江清欢脸色骤变,拉着温瑾向声源处奔去。梅林深处,萧纵期正跪在地上,怀中抱着不省人事的萧纵睿。三皇子的青衫前襟沾满茶渍,一个摔碎的茶盏躺在不远处,茶汤正滋滋地腐蚀着地上的落叶。
"七弟!"温瑾挣脱江清欢的手,冲到两个弟弟身边,"怎么回事?"
萧纵期抬起泪眼:"三哥...三哥喝了口茶...就..."话未说完,又是一阵撕心裂肺的咳嗽。
江清欢已蹲下身,两指探向萧纵睿颈侧:"还活着。"他迅速从腰间取出个小瓷瓶,倒出粒药丸塞入三皇子口中,"快传太医!"
温瑾刚要呼喊,江清欢却按住她的肩:"不可声张。"他目光锐利地扫视四周,"下毒者可能还在附近。"
萧纵期突然抓住温瑾的衣袖:"五...五哥刚才来过..."说完便晕了过去,苍白的手指仍紧紧攥着那片染血的帕子。
"带他们去琼华殿。"温瑾当机立断,"就说...就说七弟旧疾复发,三哥前来探望时不慎跌倒。"
江清欢点头,一把抱起萧纵睿,又示意温瑾搀扶萧纵期。四人借着月色匆匆离开梅园,谁也没注意到假山后那片被茶汤腐蚀出窟窿的落叶...
琼华殿内,青杏见到两位昏迷的皇子,惊得险些打翻烛台。温瑾命她取来干净衣物,又亲自为萧纵期擦去额头的冷汗。小皇子在昏迷中仍不安稳,睫毛不停颤动,像是陷入了可怕的梦魇。
"太医到哪了?"温瑾焦急地问。
江清欢刚为萧纵睿换好衣裳:"微臣让心腹去请了王太医,他口风紧。"
话音刚落,殿外传来急促的脚步声。进来的却不是王太医,而是一身戎装的萧纵安。太子殿下杏黄蟒袍外罩着轻甲,腰间佩剑,显然是刚从军营赶回。
"皇兄!"温瑾如见救星,"三哥和七弟..."
"我都知道了。"萧纵安摆手打断,快步走到榻前查看两个弟弟的情况。他的指尖在萧纵睿唇边一抹,沾了些许白色粉末,凑近闻了闻,脸色顿时阴沉如水:"雪上一枝蒿。"
江清欢闻言一震:"北境剧毒?"
萧纵安没有回答,而是转向温瑾:"他们可曾说过什么?"
"七弟昏迷前提到了五哥..."温瑾低声道,"说五哥去过梅园。"
殿内一时寂静。萧纵安的手指无意识地敲击着剑柄。温瑾注意到,皇兄的指甲缝里有些黑色粉末,像是火药的痕迹。
"太子殿下,"江清欢突然开口,"三殿下掌管的官银..."
"我知道。"萧纵安打断他,"五万两去了北境边军,另外三万两..."他看了眼昏迷的萧纵睿,"进了老三的私库。"

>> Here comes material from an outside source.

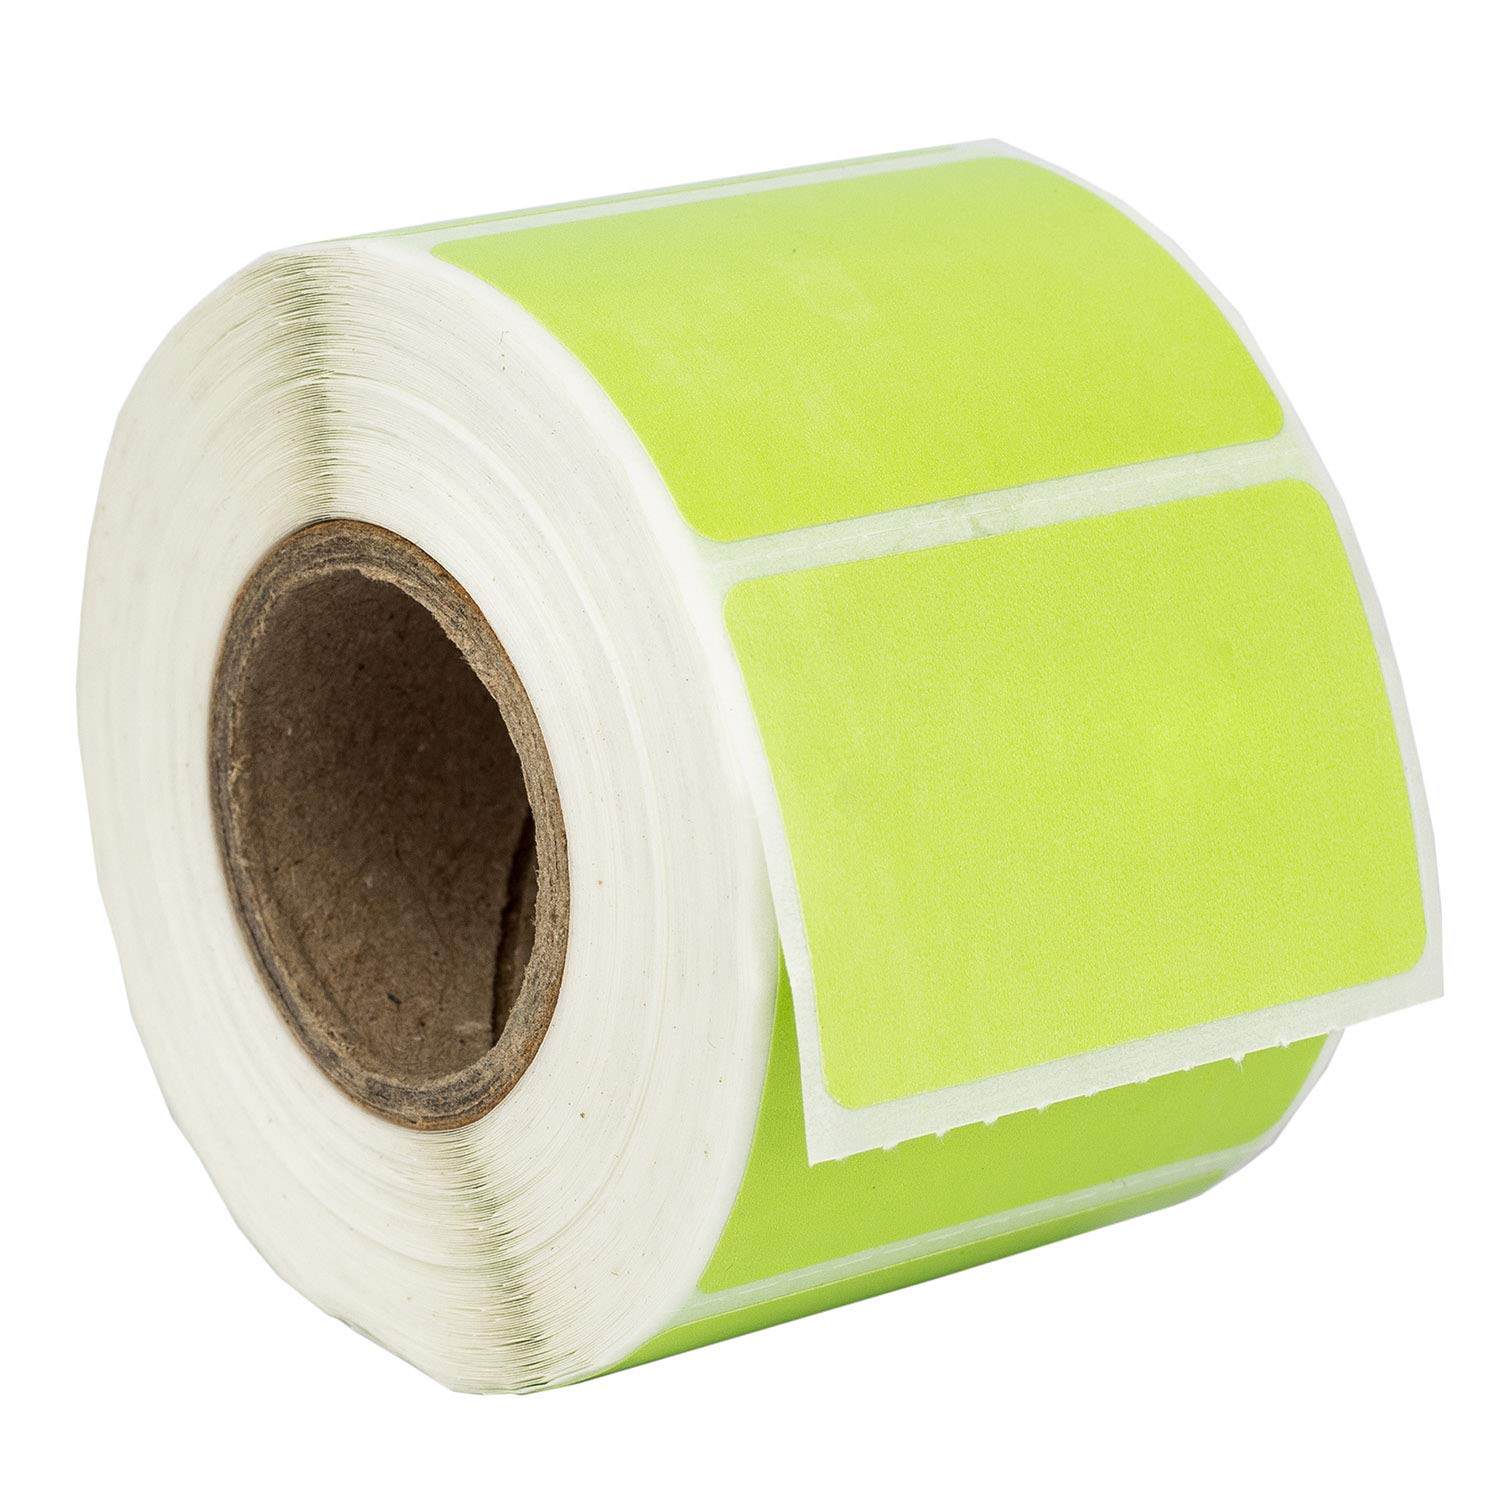 HOUSELABELS 1.5" x 1" Green Multipurpose Labels on 1" Core Compatible with Zebra and Rollo Printers, 1 Roll / 520 Labels per Roll

温瑾倒吸一口凉气。三皇子萧纵睿向来以清廉自诩,户部账目更是出了名的滴水不漏,怎会...
"报——"一个侍卫慌张闯入,"五殿下带着太医往这边来了!"
萧纵安与江清欢交换了个眼神:"带他们去密室。"说着已抱起萧纵期,"皇妹,你去应付老五。"
温瑾刚整理好衣冠,萧纵寒已带着太医踏入殿门。五皇子今夜一袭月白锦袍,腰间玉佩叮咚,俊美的脸上带着恰到好处的关切:"皇妹,听说七弟在你这里发病了?"
"五哥消息真灵通。"温瑾强作镇定,"七弟只是旧疾复发,不劳挂心。"
萧纵寒微微一笑,目光却扫向殿内每个角落:"三哥不是来探望七弟了吗?怎么不见人影?"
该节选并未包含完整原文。